Make data-driven prioritization decisions faster
Draft PRDs, status updates, and stakeholder presentations
Example
Create executive summary of Q3 roadmap, monthly progress report, feature launch announcement
Save 3-5 hours/week on communication overhead
Prerequisites
Time Estimate
30-60 minutes to see productivity improvements
Steps
Common Pitfalls
✓ Do
✗ Don't
💡 Pro Tips
✓ Use when
Use for user story writing, competitive research, roadmap prioritization, stakeholder communication, and PRD drafting. Best for reducing repetitive documentation and research work.
✗ Avoid when
Avoid for strategic product vision (requires deep customer empathy), pricing decisions (needs market and financial expertise), or when face-to-face customer discovery is more valuable than speed.
mattpocock/skills
parcadei/continuous-claude-v3
cursor/plugins
ailabs-393/ai-labs-claude-skills
pproenca/dot-skills
mattpocock/skills
We added cron-helper from the explainx registry; install was straightforward and the SKILL.md answered most questions upfront.
Solid pick for teams standardizing on skills: cron-helper is focused, and the summary matches what you get after install.
cron-helper fits our agent workflows well — practical, well scoped, and easy to wire into existing repos.
Registry listing for cron-helper matched our evaluation — installs cleanly and behaves as described in the markdown.
cron-helper has been reliable in day-to-day use.

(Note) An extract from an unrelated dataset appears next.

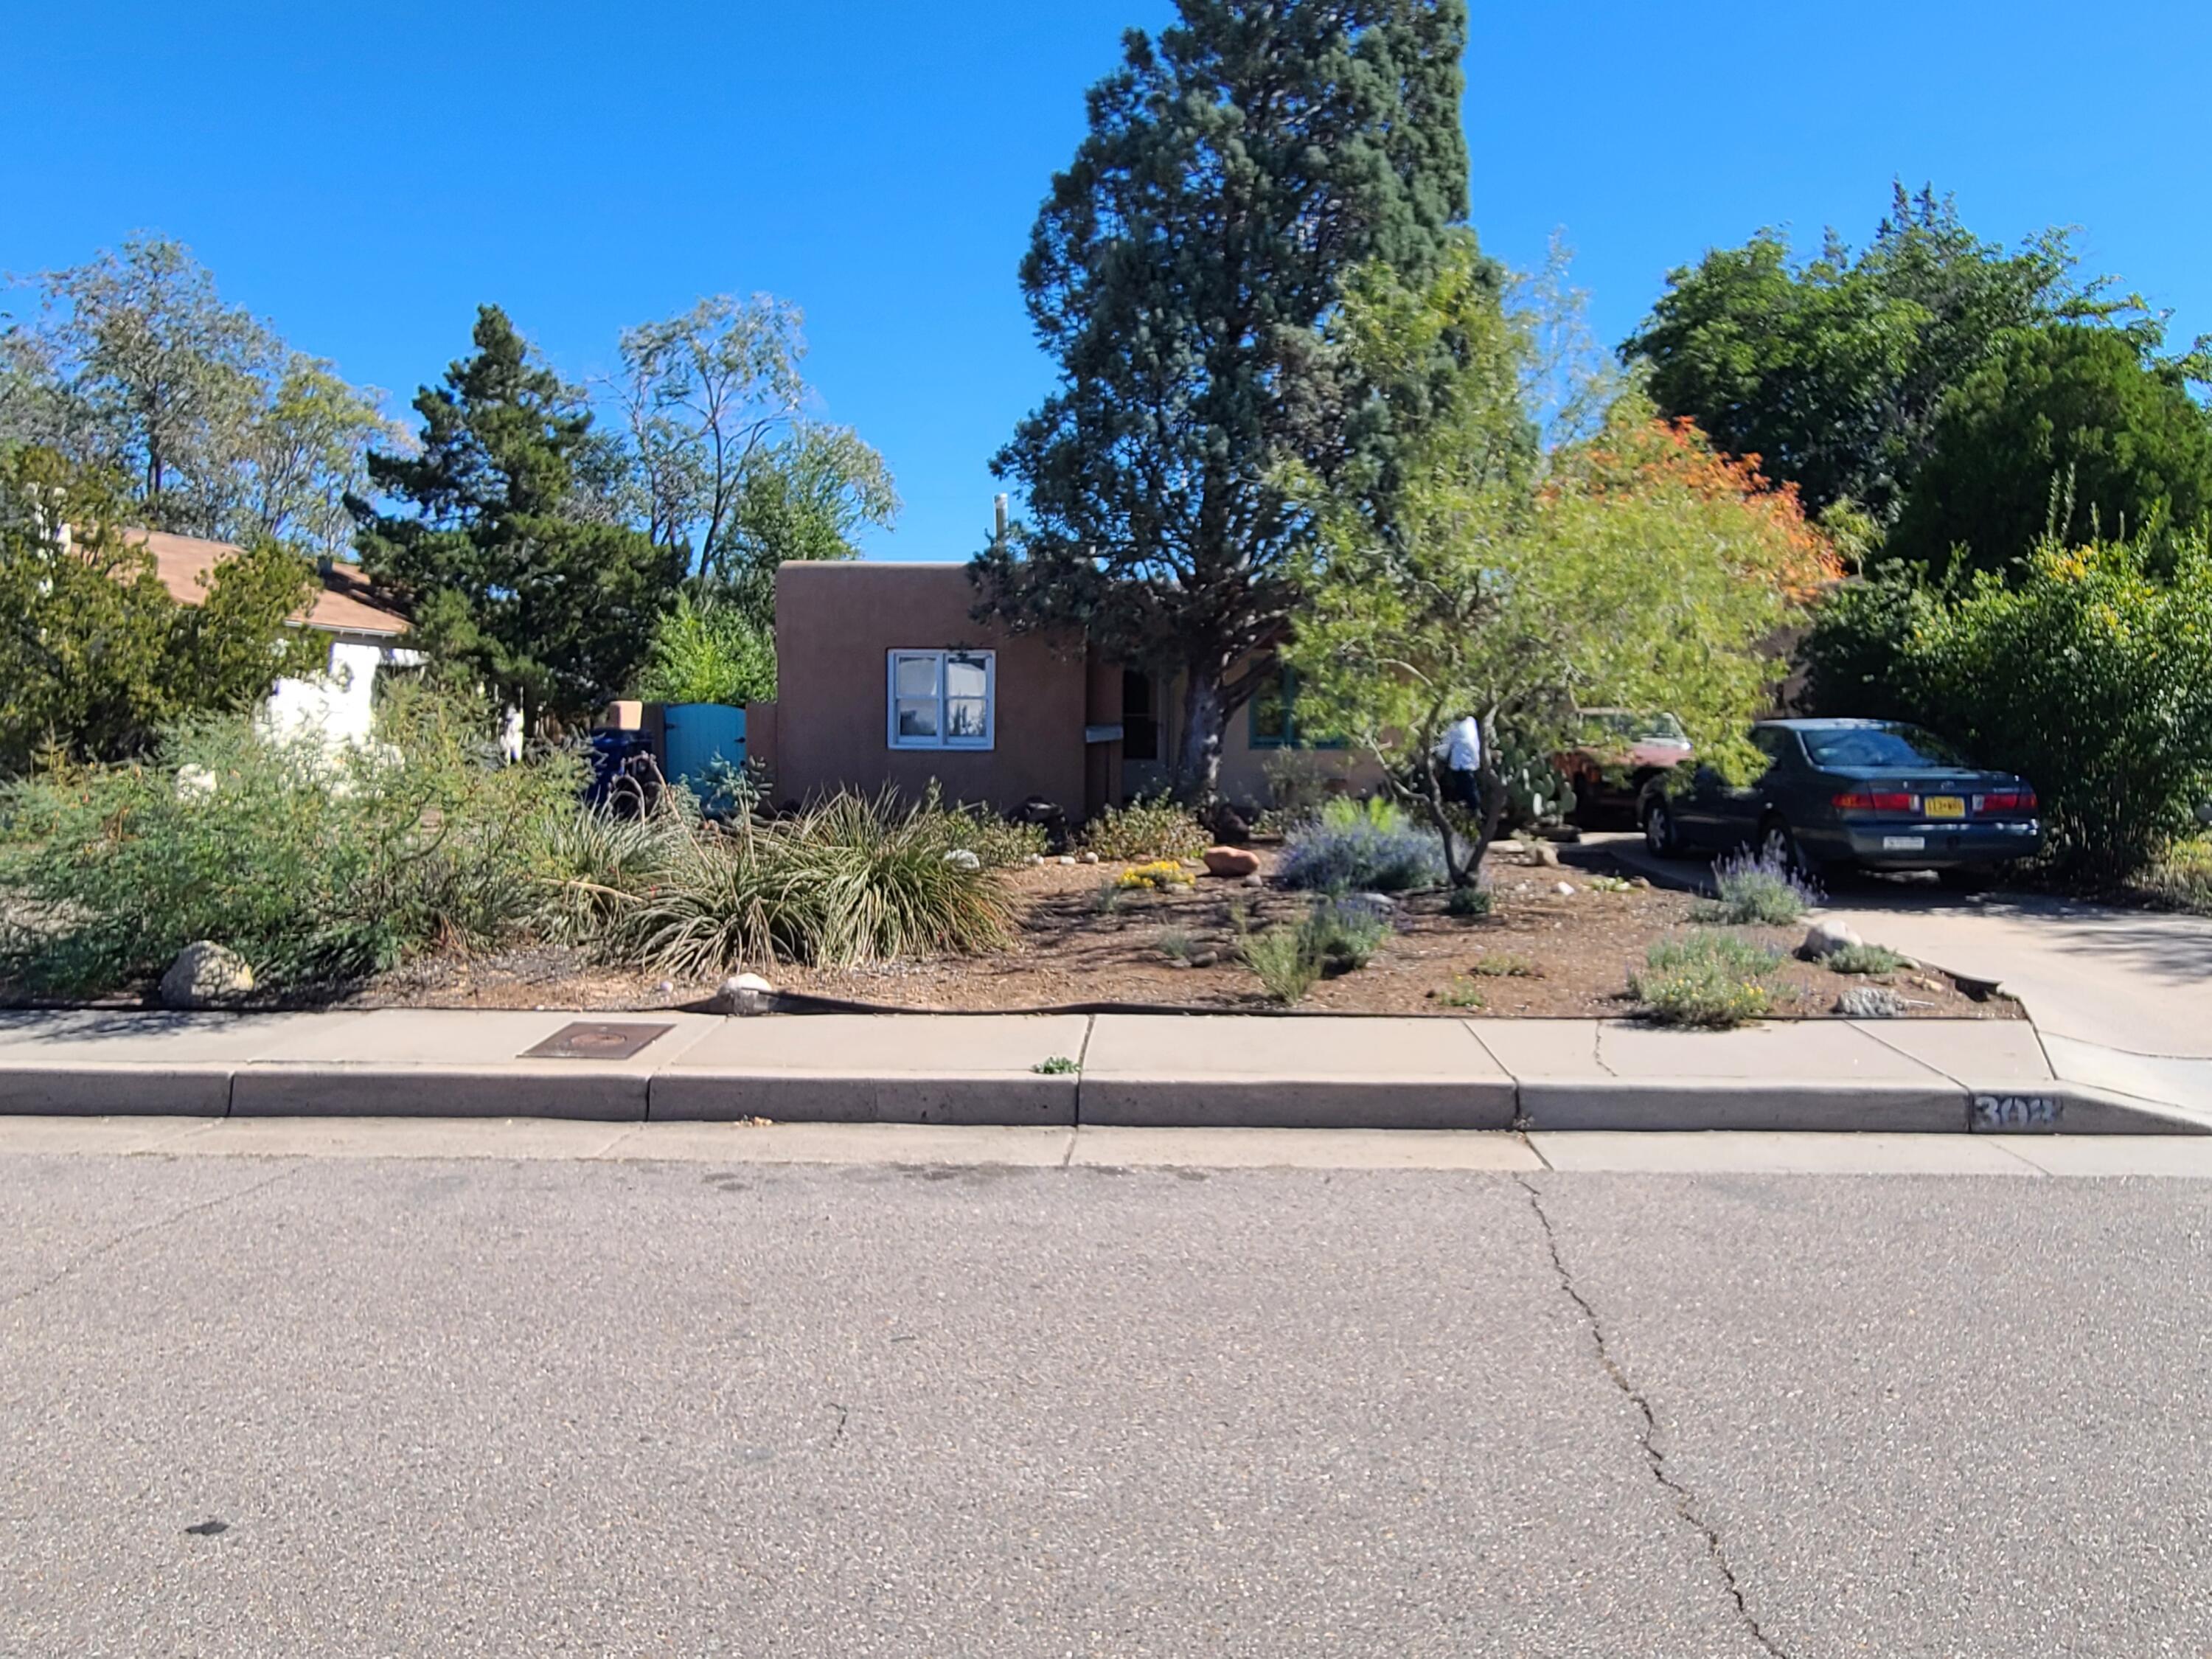 This UNM area 3 Bd./1.75 Ba. casa has 1600 plus sq ft of Southwestern charm and has been very well-maintained with upgraded plumbing and electric. (200 Amp) It is a partial adobe that has been thoughtfully added to with a 20 X 14 Master Bd. with 3/4 Ba. & a 19 X 15 family rm that egresses to an inviting xeriscaped backyard. Recently refinished original hardwood floors in front living room and bedrooms. Living room has beams, T & G ceilings & a custom W/B Kiva FP. Galley kitchen is tiled, has tons of cabinets and is flooded with natural light.  Natural SW landscaping in front and back. WOW! Hurry on this one. VLB       Thanks
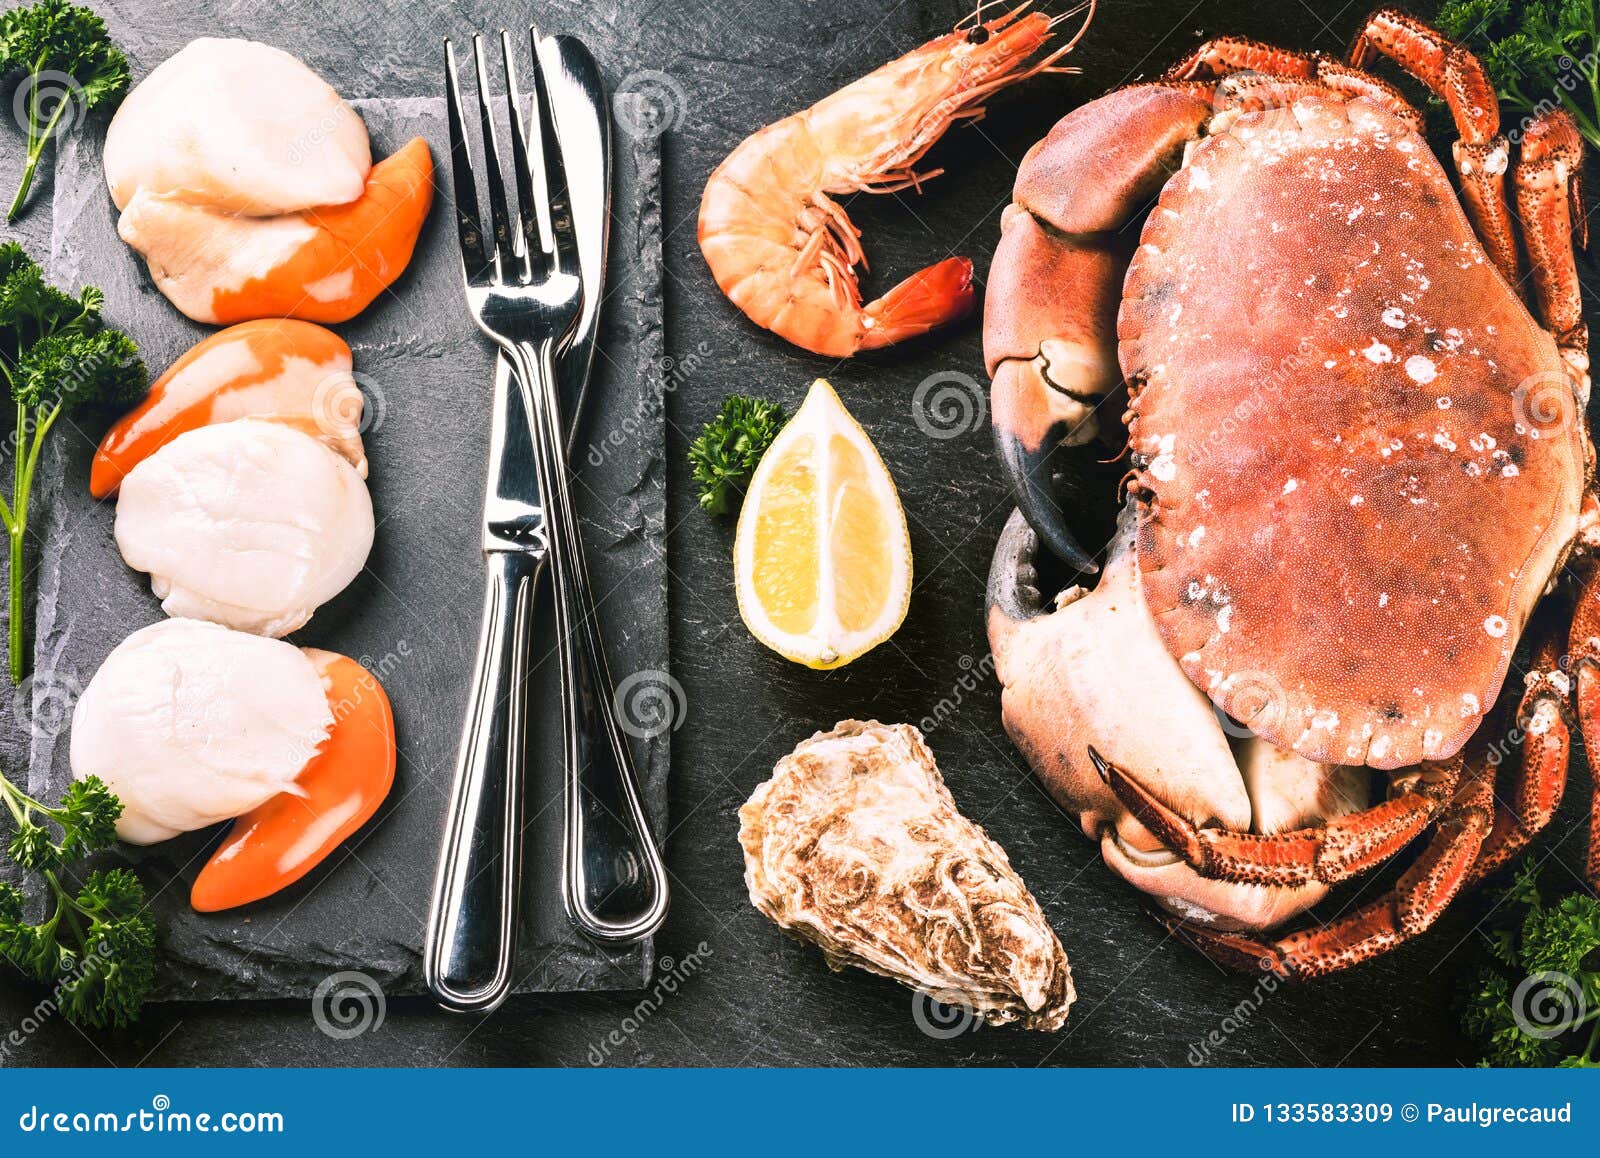 fine selection of crustacean for dinner. crab, scallops and oyst

Documentation quality is above average for community skills.
Useful defaults in cron-helper — fewer surprises than typical one-off scripts, and it plays nicely with `npx skills` flows.
cron-helper fits our agent workflows well — practical, well scoped, and easy to wire into existing repos.
Solid pick for teams standardizing on skills: cron-helper is focused, and the summary matches what you get after install.
cron-helper is among the better-maintained entries we tried; worth keeping pinned for repeat workflows.
cron-helper reduced setup friction for our internal harness; good balance of opinion and flexibility.